The dispute grumbled, died down, flared up, for all had the air of having drunk too well. Then the talk became confidential between Luis and his vis-a-vis, and they shuffled little apart from the others. More drinks were brought. There was a sudden gust of quarrel, and Luis in dudgeon removed himself across the room. But his new friend followed, and there seemed to be a reconciliation, for one again the two heads were close together and the talk was all of cocks and challenges.
In his new position Luis was scarcely a yard from the dark corner where the man with the tankard of beer was sitting. There were now three of them there. They looked viciously at the argumentative peasants, but there was no other part of the room which promised greater peace, and they remained sitting. Luis was by way of now being very drunk, and he made his confidences at close quarters into the garlic-smelling ear of his companion. But this position left his eyes free to wander, without the other noticing it, and he had a good view of the men in the shadows.

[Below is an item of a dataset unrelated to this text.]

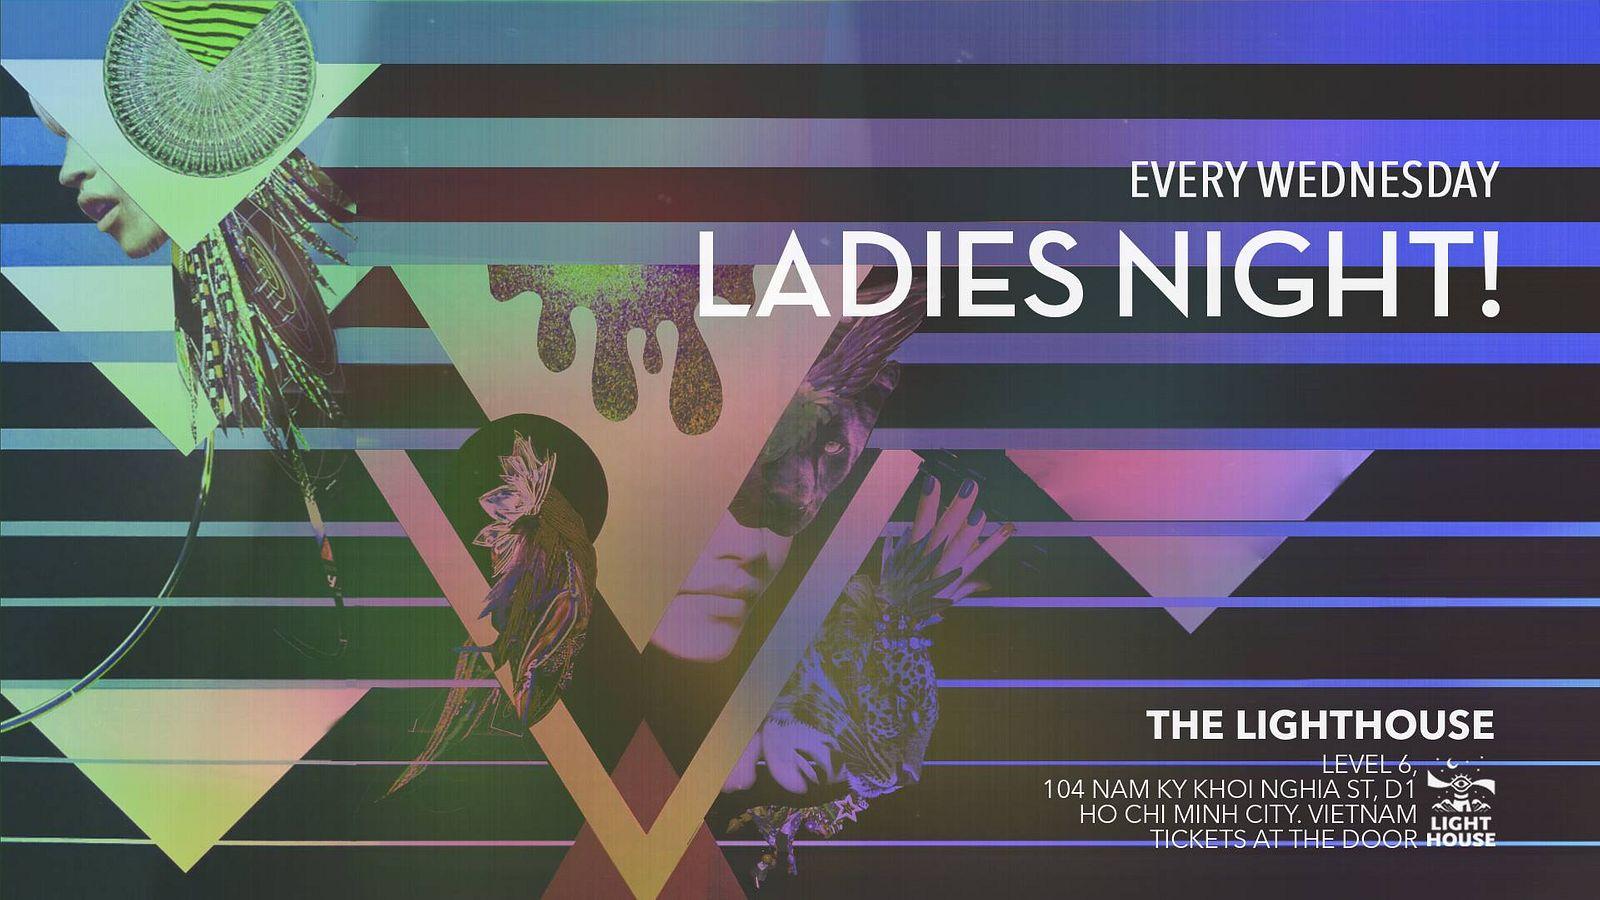 Ladies Night! @ The Lighthouse - Saigoneer

One had the face which he had seen three hours before in the crowded calle—a small man, very thickly made, with rabbit teeth, an underhung jaw, and a broken nose. This was the famous Daniel Judson. Beside him sat a taller man with a long, sallow, clean-shaven face and thick, dark eyebrows which made a straight band almost from ear to ear. This Luis knew for Laschallas, who, as he had told Blenkiron, was the most dangerous of the survivors of the Bodyguard. But it was the man opposite the two who surprised him. He wore a thin dark overcoat with the collar turned up, but the face above the collar had the unmistakable waxy pallor of Lariarty.

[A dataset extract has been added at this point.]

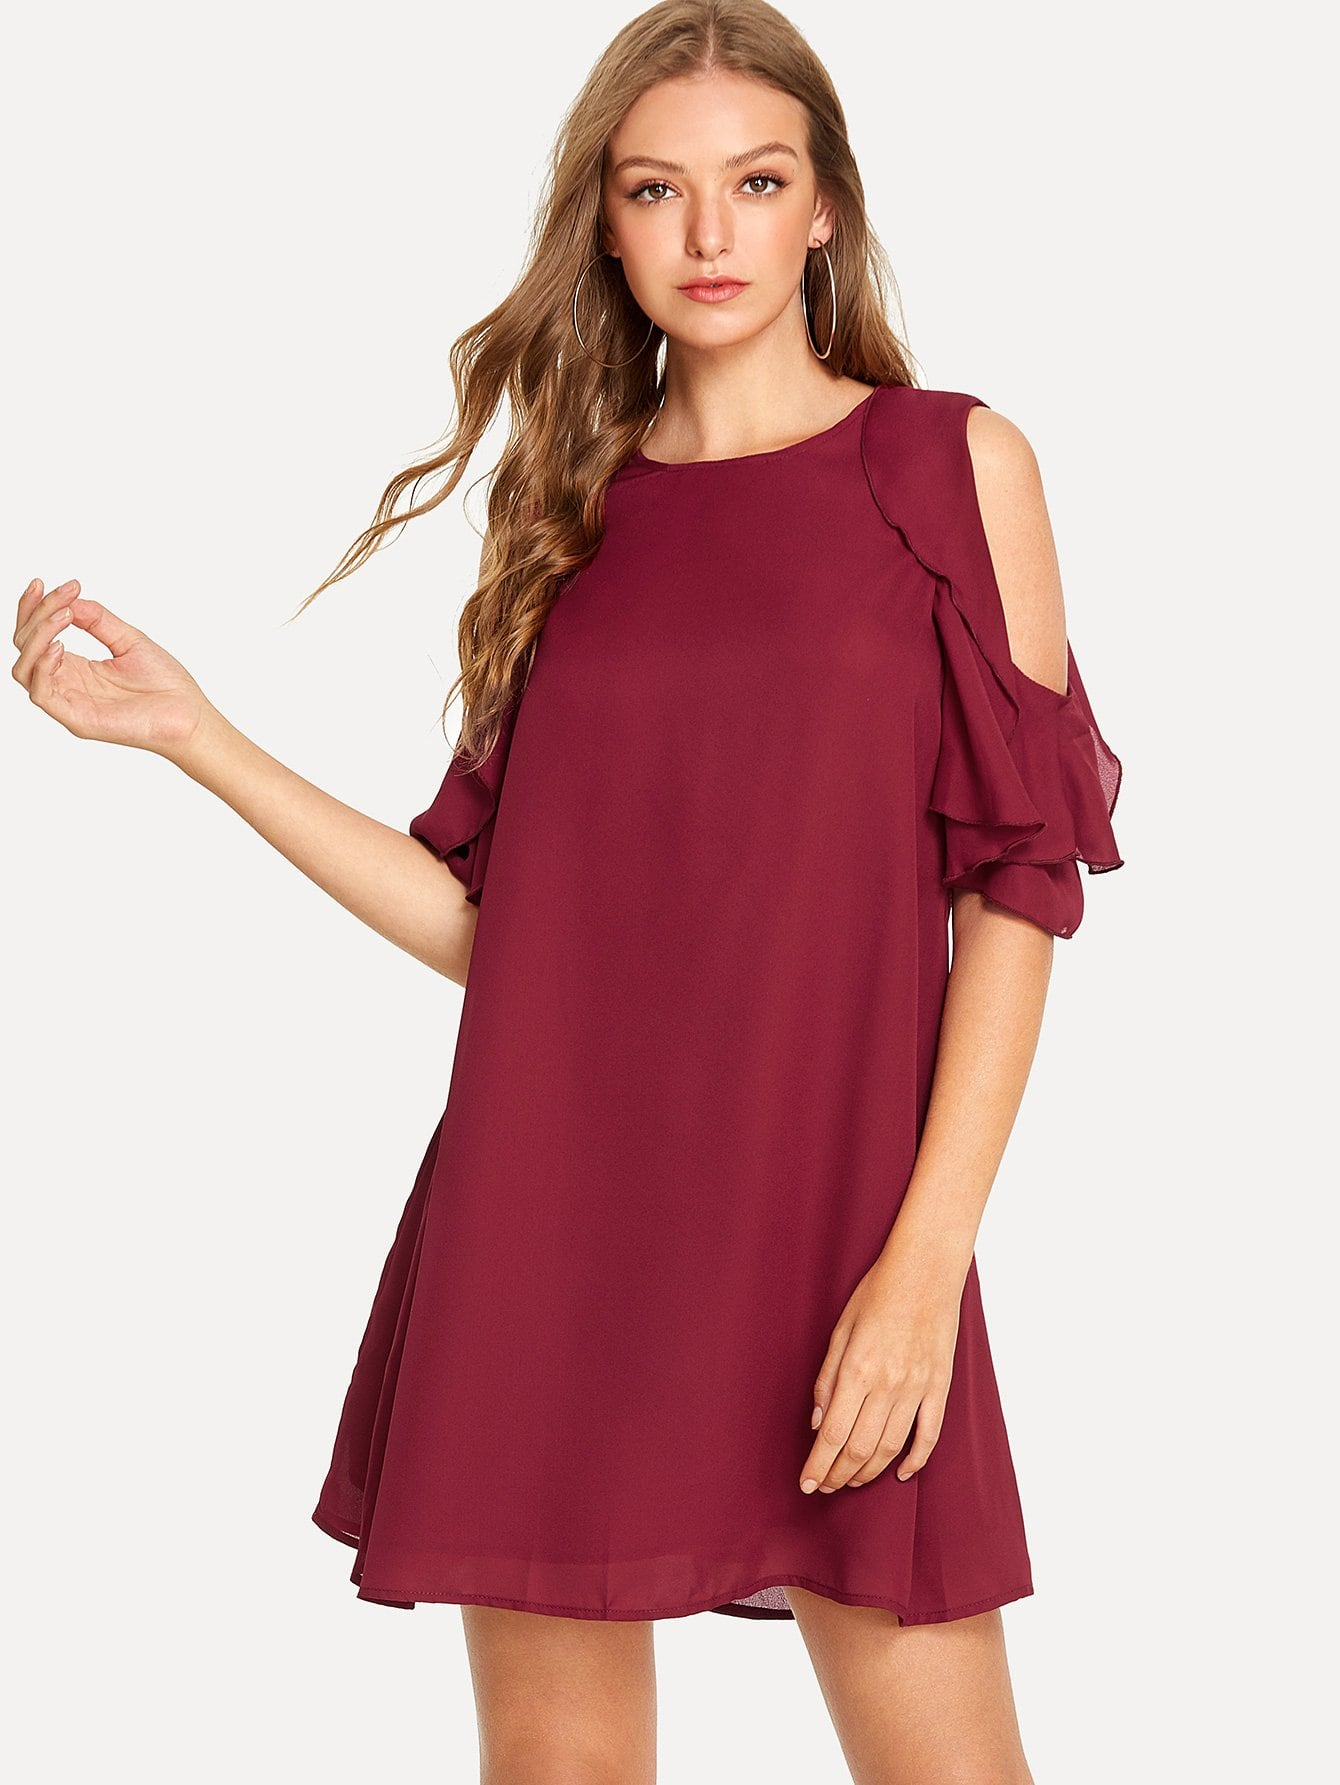 Cold Shoulder Layered Ruffle Trim Tunic Dress цена и фото

In the intervals of his drunken wrangling Luis tried to catch their conversation. But not a word could he overhear. They spoke in low tones, and when he sidled nearer them, still in the embrace of his cock-fighting colleague, Judson rose and cursed them. The other was scared into sobriety, for Mr Judson in his wrath was not a pretty sight, and Luis had perforce to follow him and put as much distance as possible between the three and themselves. Presently he gave up the attempt to eavesdrop, extricated himself with some difficulty from his companion, and staggered out of the cafe by the road he had come. He had learned several things—that the trusties, or at least one of them, were in Olifa, that Laschallas was alive, and that Lariarty was not leading an idle life.
He went home, got into proper clothes and hunted up one of Escrick’s staff-officers. There was a good deal of sound coming from the south, where the retreat from the trenches was being covered by machine-gun activity, and some of the troops already withdrawn were filing through the streets.

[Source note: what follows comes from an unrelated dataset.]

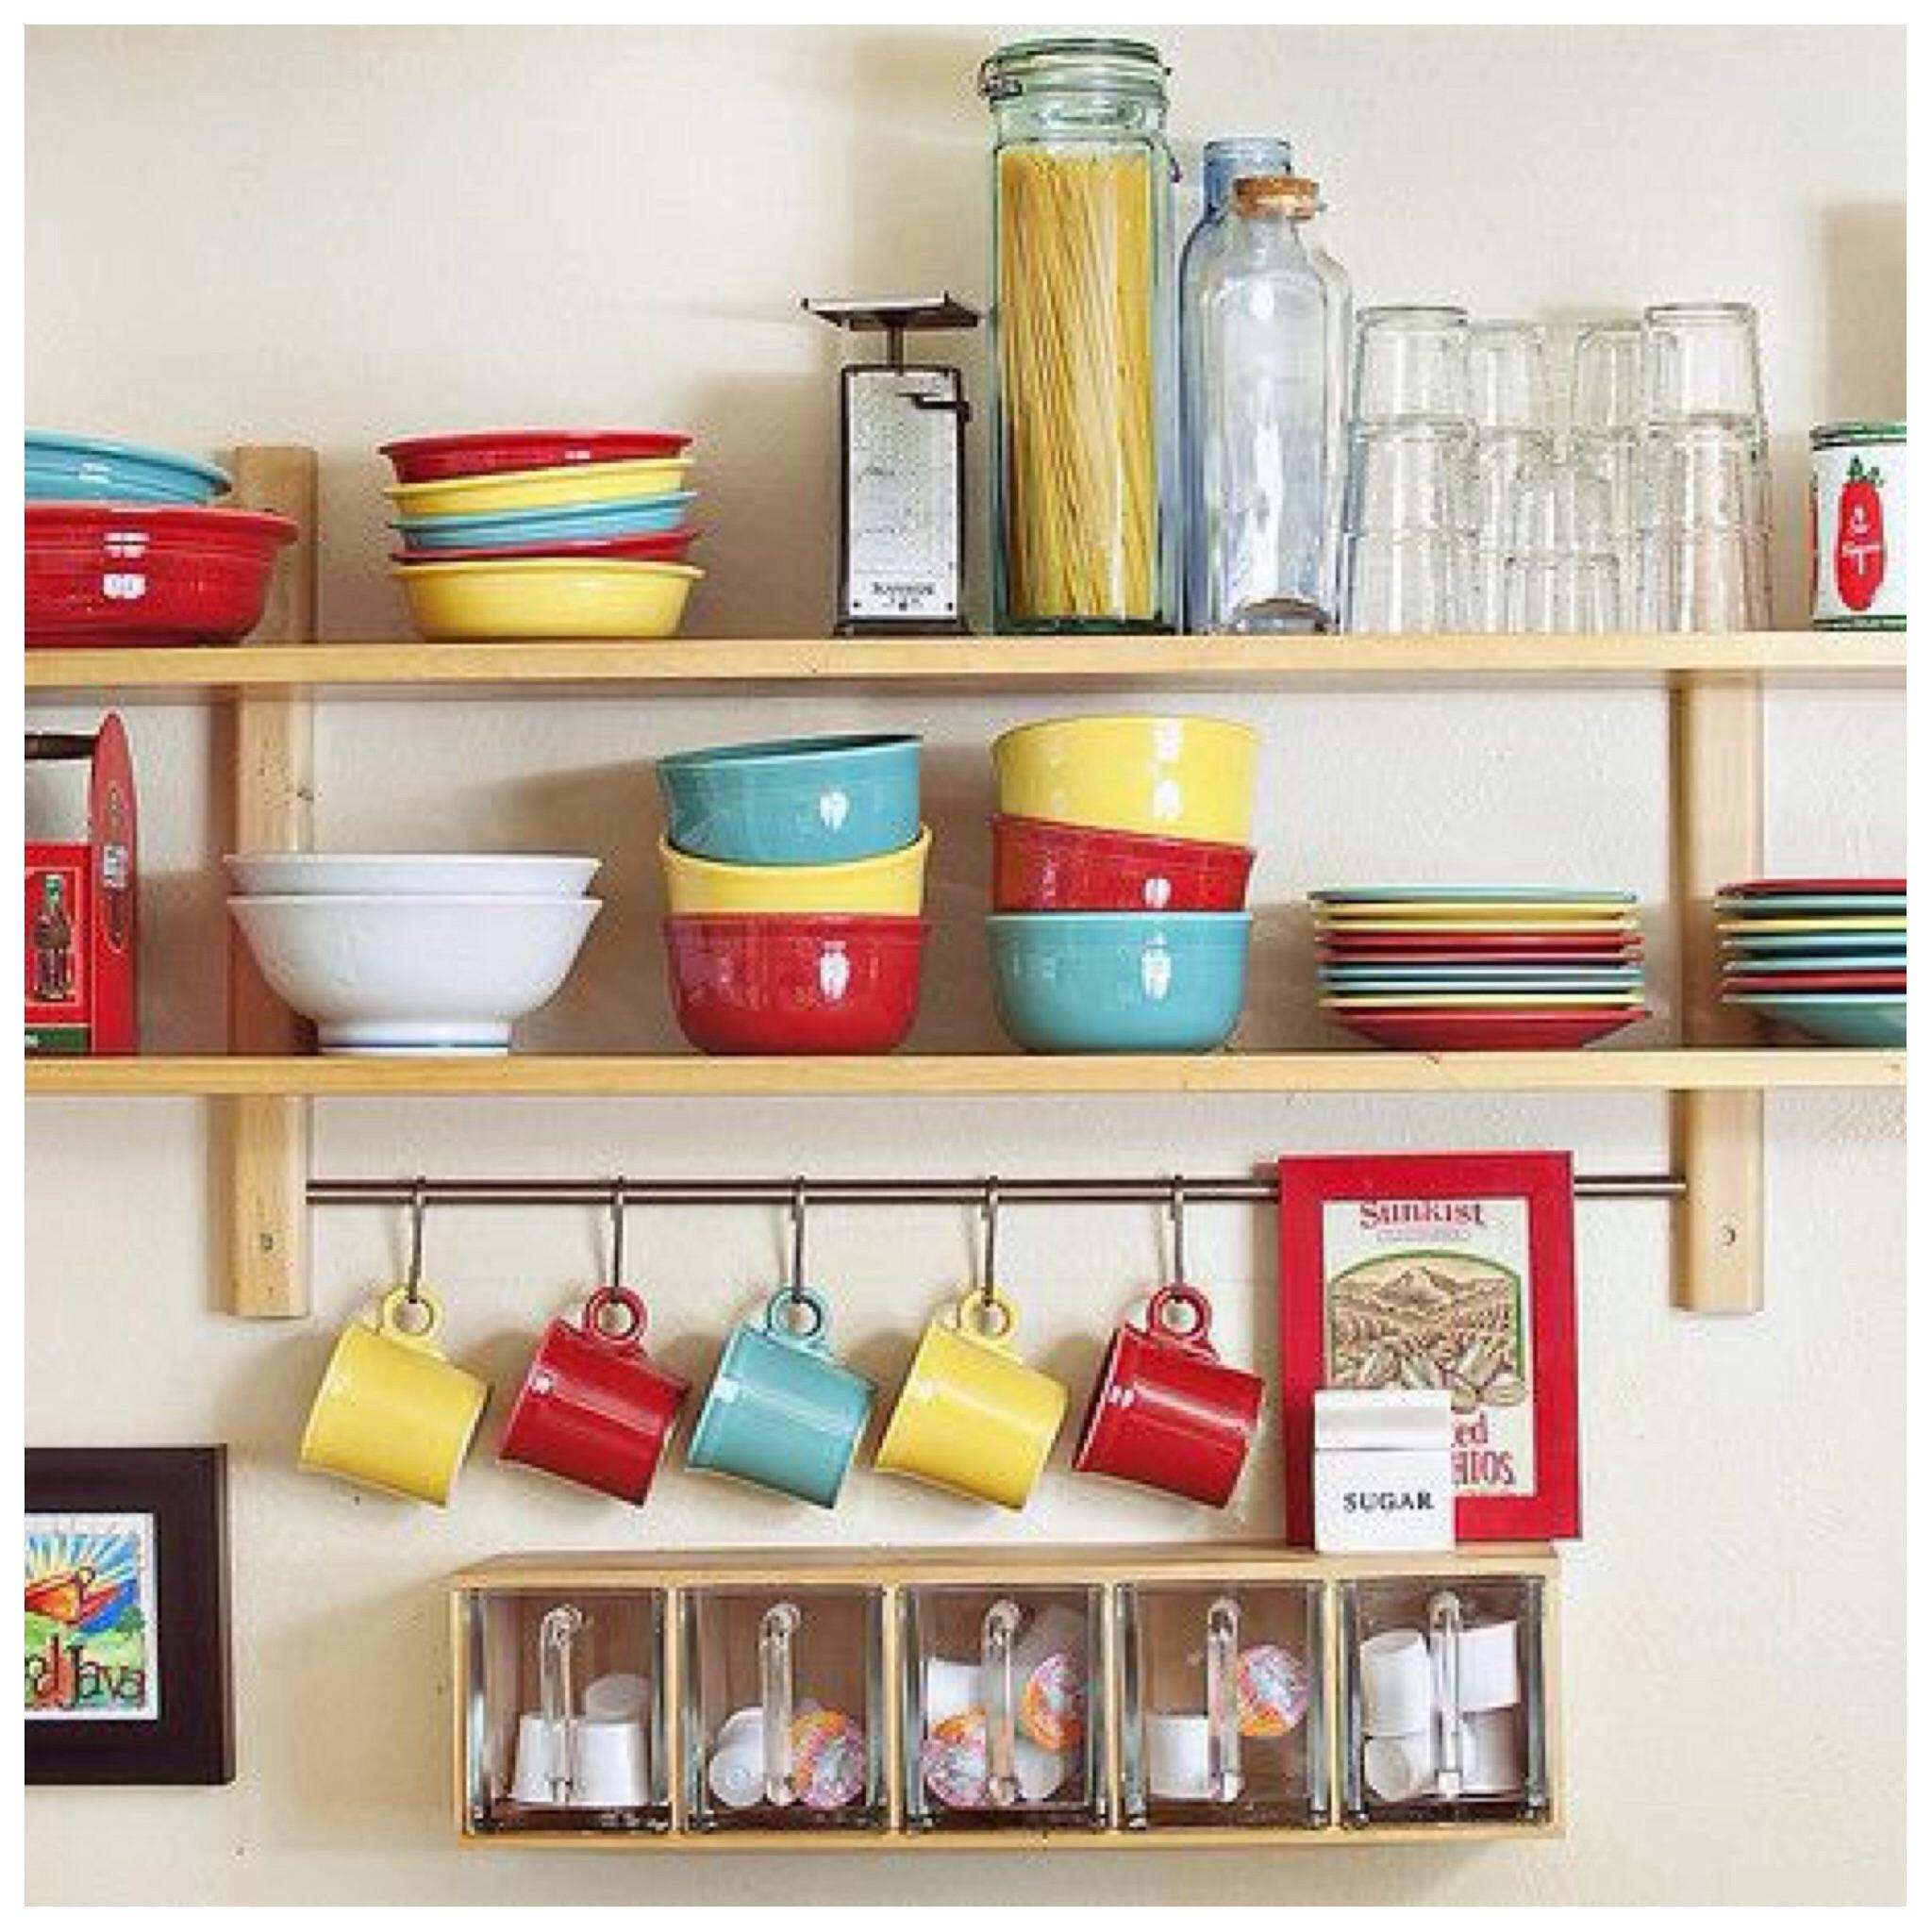 3 estilos para decorar estanter as de cocina for Como disenar una estanteria

What had been infantry was now being transformed into light cavalry at the horse-lines north of the city. Luis found the staff-officer he sought, and learned from him that he only civilian accompanying Escrick was Lariarty-Blenkiron himself had sanctioned it—for whom a seat had been provided in one of the staff cars. He left the office with injunctions that no civilian passes were to be given without further reference, and that the occupants of every car were to be jealously scrutinised.
Then he supped with Blenkiron, and told him what he had discovered. Blenkiron, still sleepy as an owl, was slow to take it in. “They can’t do anything,” he reflected. “They’re bottled up in this city, whether it’s me or Lossberg that’s in charge. They’re town rats, Luis; they won’t thrive out in the wilds. Where are you going?”